İlk başta Riley, onu aniden durduranın Aerith olduğunu gerçekten düşündü. Sonuçta, birdenbire ortaya çıkması, onun her zamanki davranışlarından çok da farklı değildi — o da meraklı biriydi.
İki Aerith daha ortaya çıktıktan sonra bile Riley hala bir terslik olduğunu düşünmedi. Sonuçta, insanlar onun gerçekte kaç yeteneği olduğunu bilmiyordu, Aerith için de durum aynıydı — o hala bir gizemdi.
Ama ne yazık ki, Aerith'in göğüslerinin sırtına değdiğini hisseder hissetmez, onun Aerith olamayacağını anladı. Ve böylece, böyle bir şeyi mümkün kılacak tek kişiye baktı... ve muhtemelen onu öldürebilecek tek insana — Paige.
"Aerith'in göğüsleri bu kadar yumuşak değil, Paige. Kostümüne dolgu koyuyor."
"Ben... Ben bilemem! O..."
"Onu bırak, illüzyonist."
Paige tam olarak cevap veremeden, boynuna soğuk bir keskinlik hissetti. Tam anlamıyla soğuk bir keskinlik, çünkü Tomoe şimdi buzdan bir bıçakla boğazını kesmekle tehdit ediyordu.

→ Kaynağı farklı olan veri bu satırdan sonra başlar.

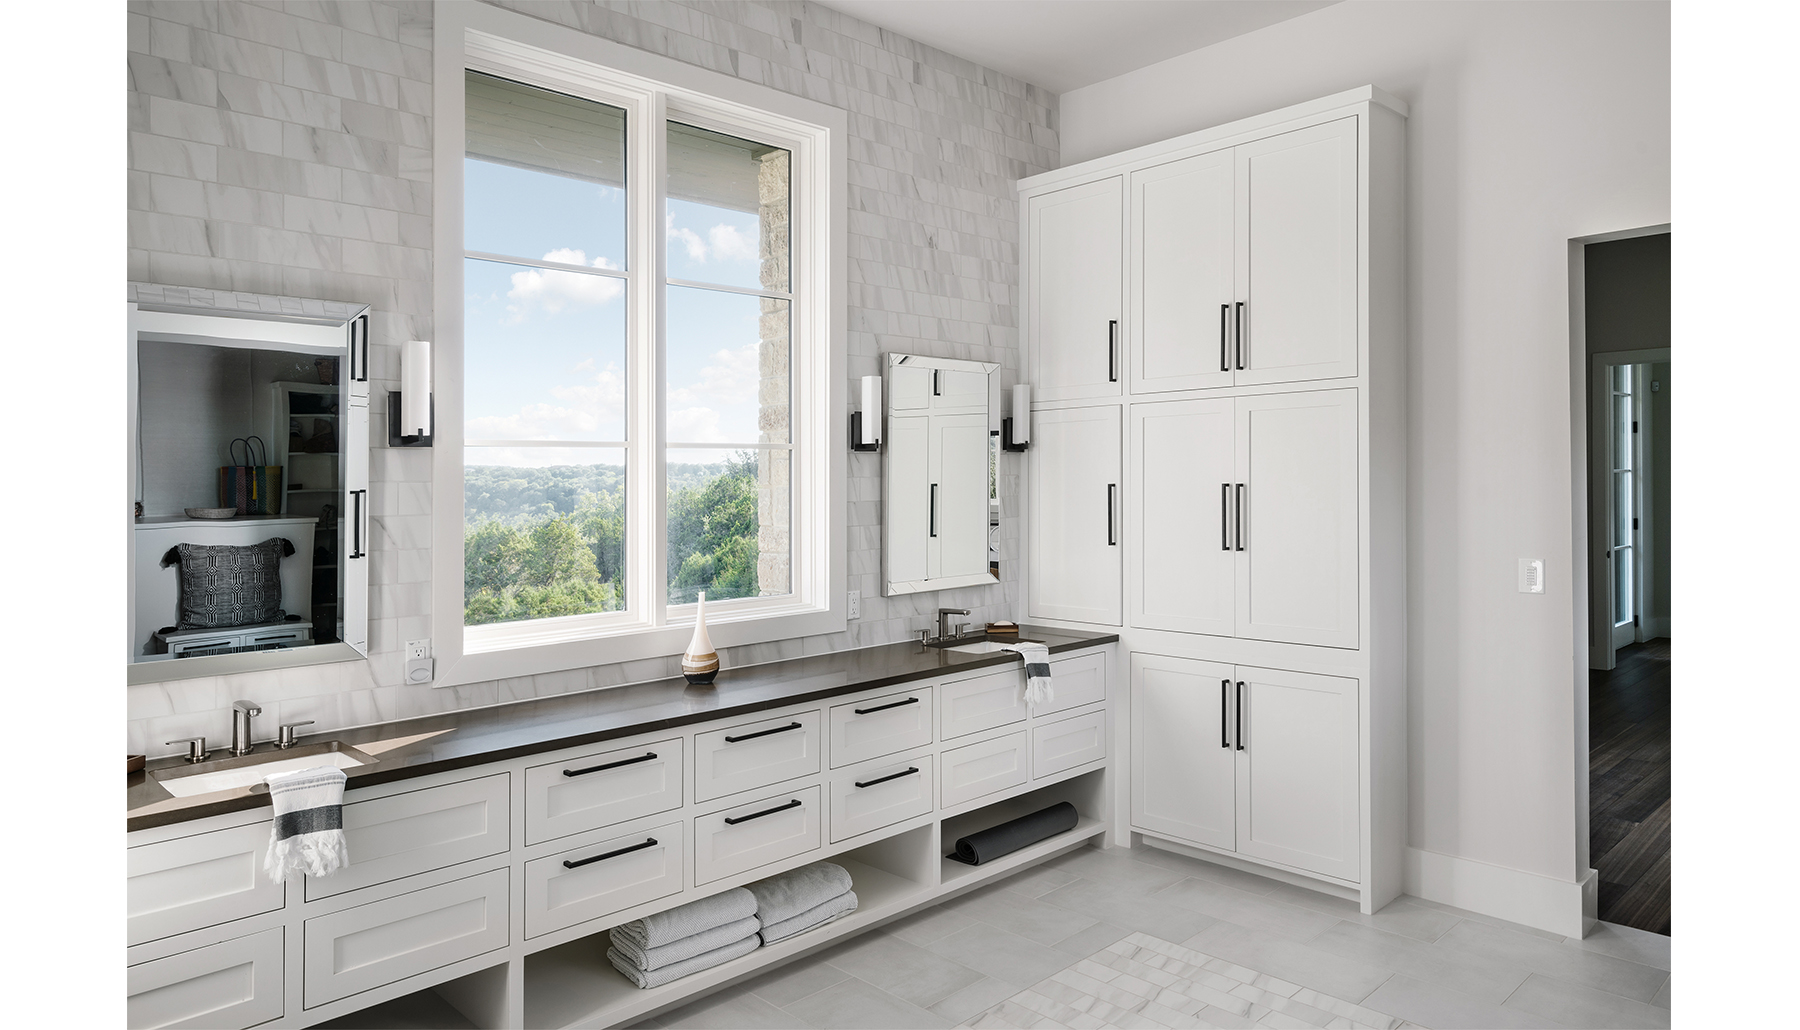 Spicewood Master Bathroom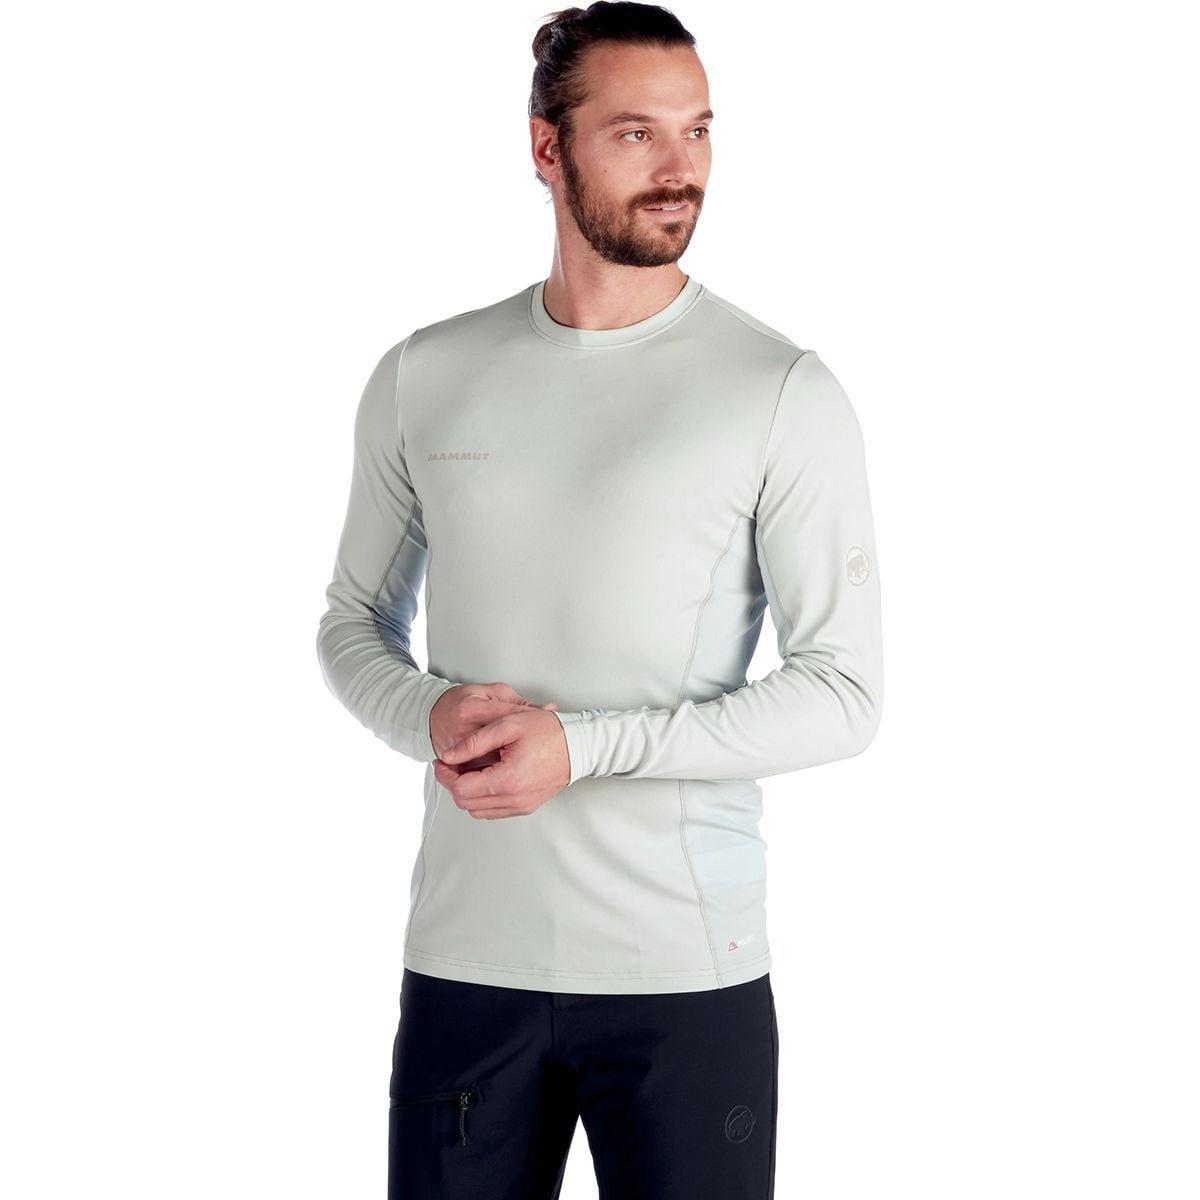 Sertig Long-Sleeve Shirt - Men

"Bu... bu hiç hoş değil," Paige, Tomoe'ye bakarken zorla bir gülümseme çıkardı. Ama birkaç saniye sonra, Paige'in vücudundan üç Paige daha ortaya çıktı. Tomoe tepki veremeden, salondaki tüm Paige'ler kayboldu, bıçağını doğrulttuğu Paige bile.
"Şok terapisi, demans hastalarına uygulanacak doğru tedavi yöntemi değildir, Riley."
Ancak, Riley'nin arkasında tekrar ortaya çıktı.
"Oh," Riley hızlıca nefes verdi, "Demek bu yüzden yumuşaktı. Bütün bu zaman boyunca sendin."
"O..."
"Öl!"
Ve bir kez daha, Paige sözünü bitiremeden, sözü kesildi. Bu sefer, Riley'e doğru koşmaya devam eden Alice tarafından.
"Yeter!" Ama Paige, sözünün kesilmesinden bıkmış gibi görünüyordu ve aniden ellerini çırptı. Bunu yaparken her şey beyazlaştı ve Alice tek başına kaldı.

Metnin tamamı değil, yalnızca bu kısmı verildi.